**DATASET EXTRACT:**

= = = =

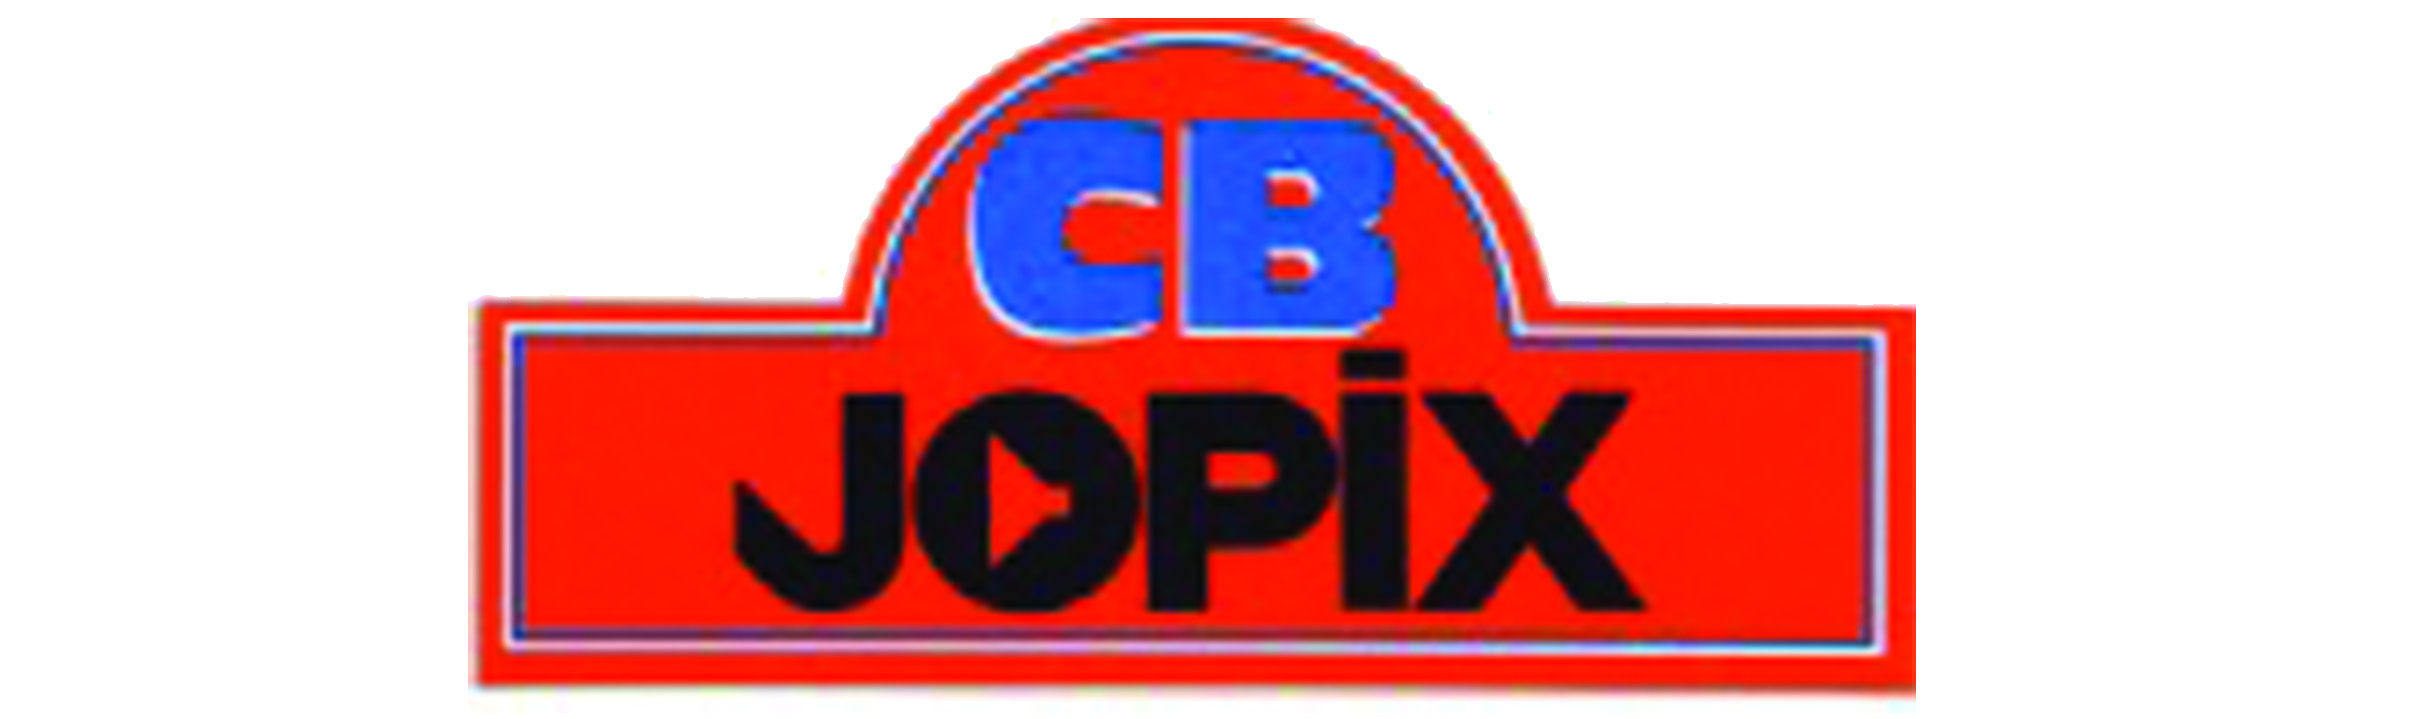 Jopix
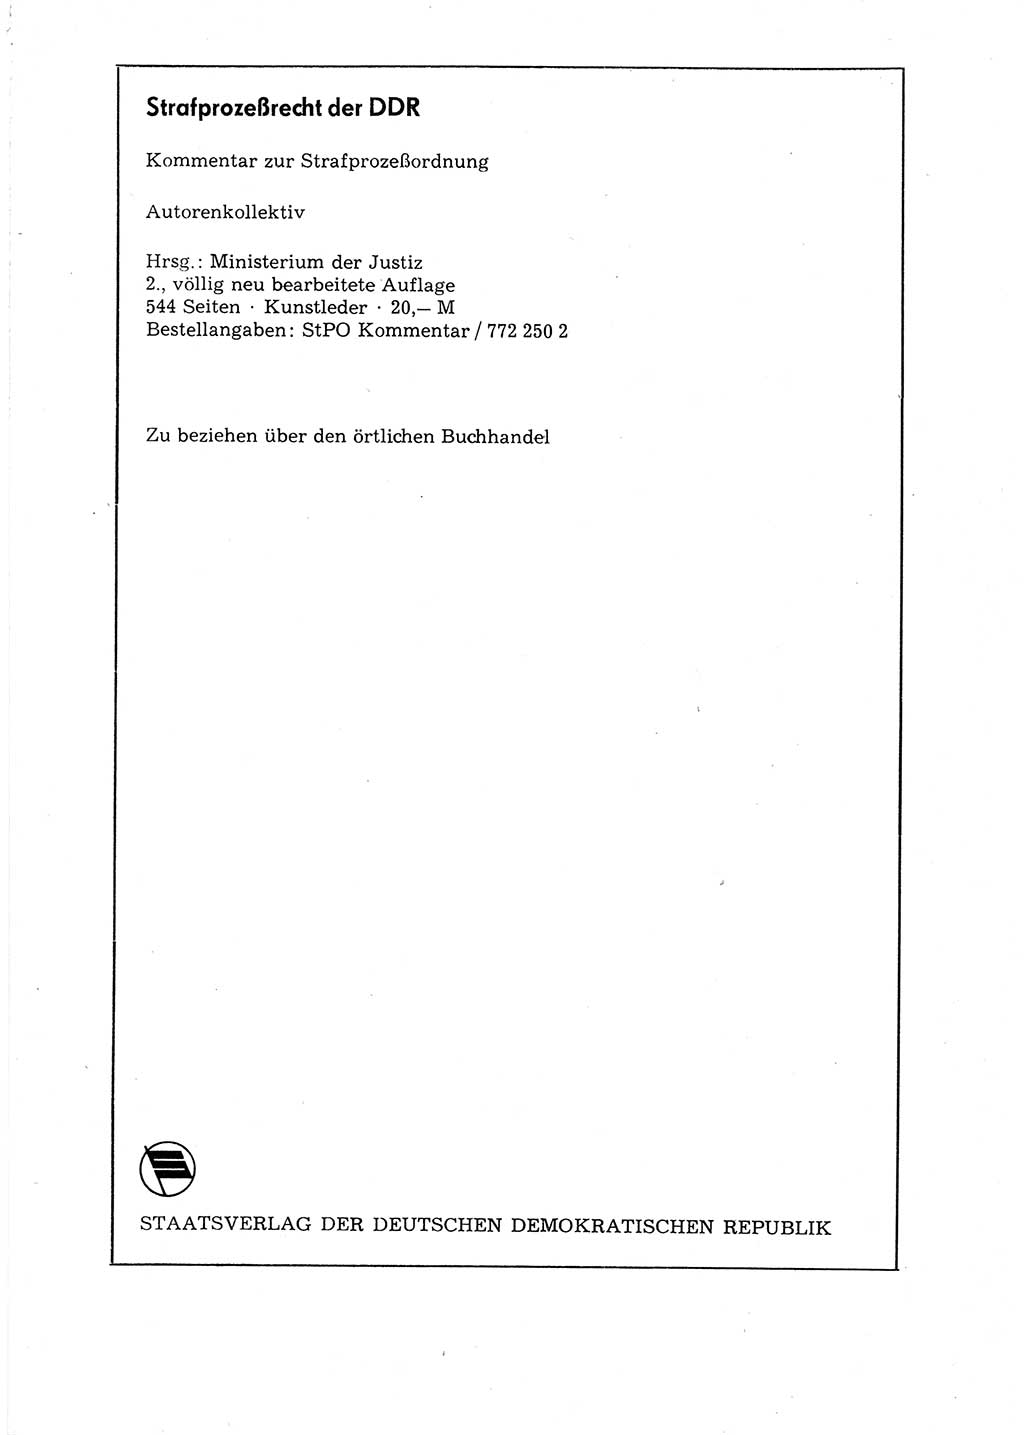 Strafgesetzbuch (StGB) der Deutschen Demokratischen Republik (DDR) 1987, Seite 109 (StGB DDR 1987, S. 109)
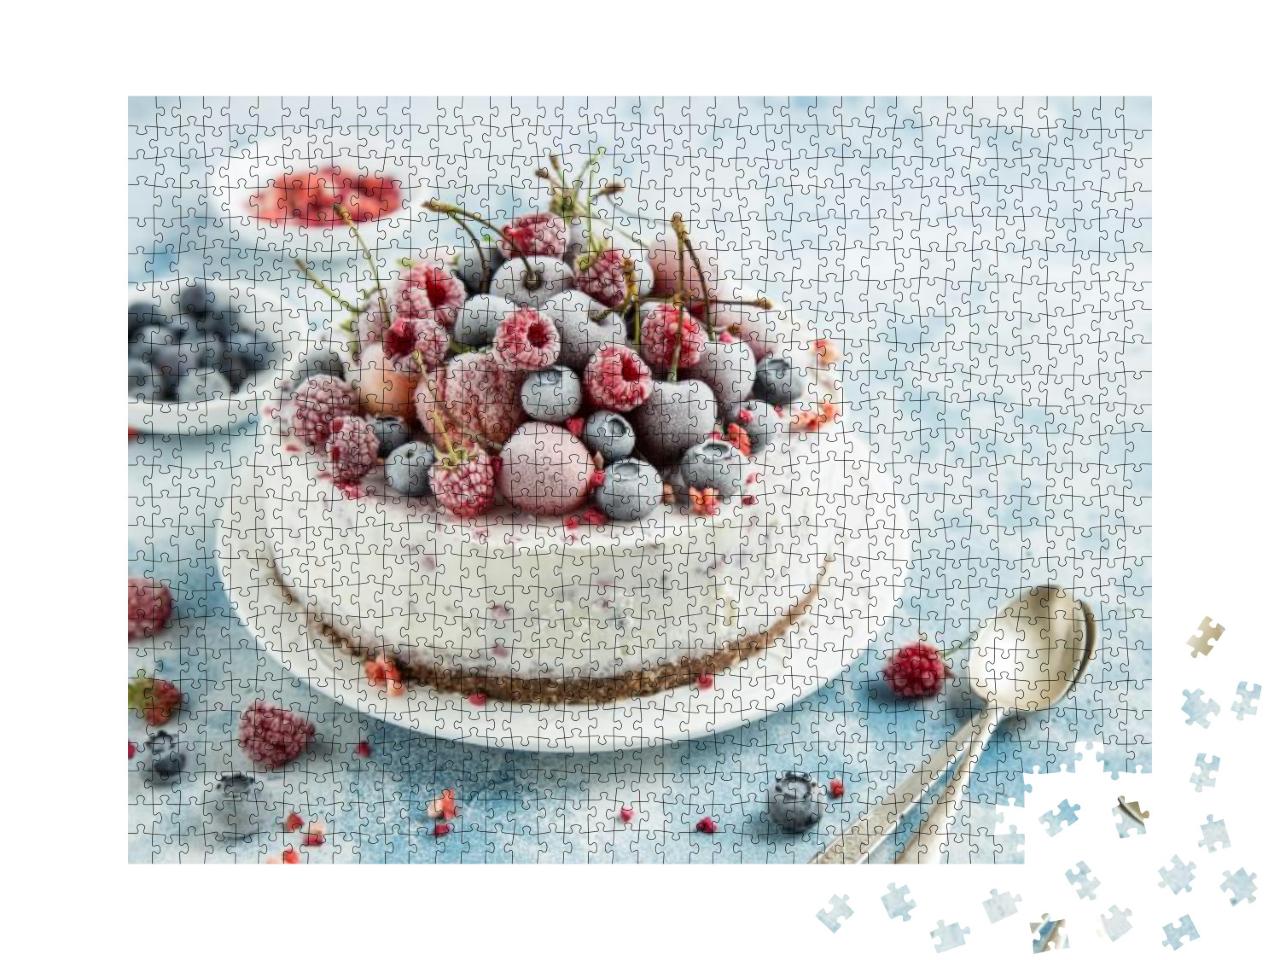 Puzzle 1000 Teile „Köstliche Eistorte mit gefrorenen Beeren“

= = = =

**EXERCISE BRIEF:**
When you copy the data above, keep each line exact and omit the pictures.

**WRITTEN SOLUTION:**
 Jopix
 Strafgesetzbuch (StGB) der Deutschen Demokratischen Republik (DDR) 1987, Seite 109 (StGB DDR 1987, S. 109)
 Puzzle 1000 Teile „Köstliche Eistorte mit gefrorenen Beeren“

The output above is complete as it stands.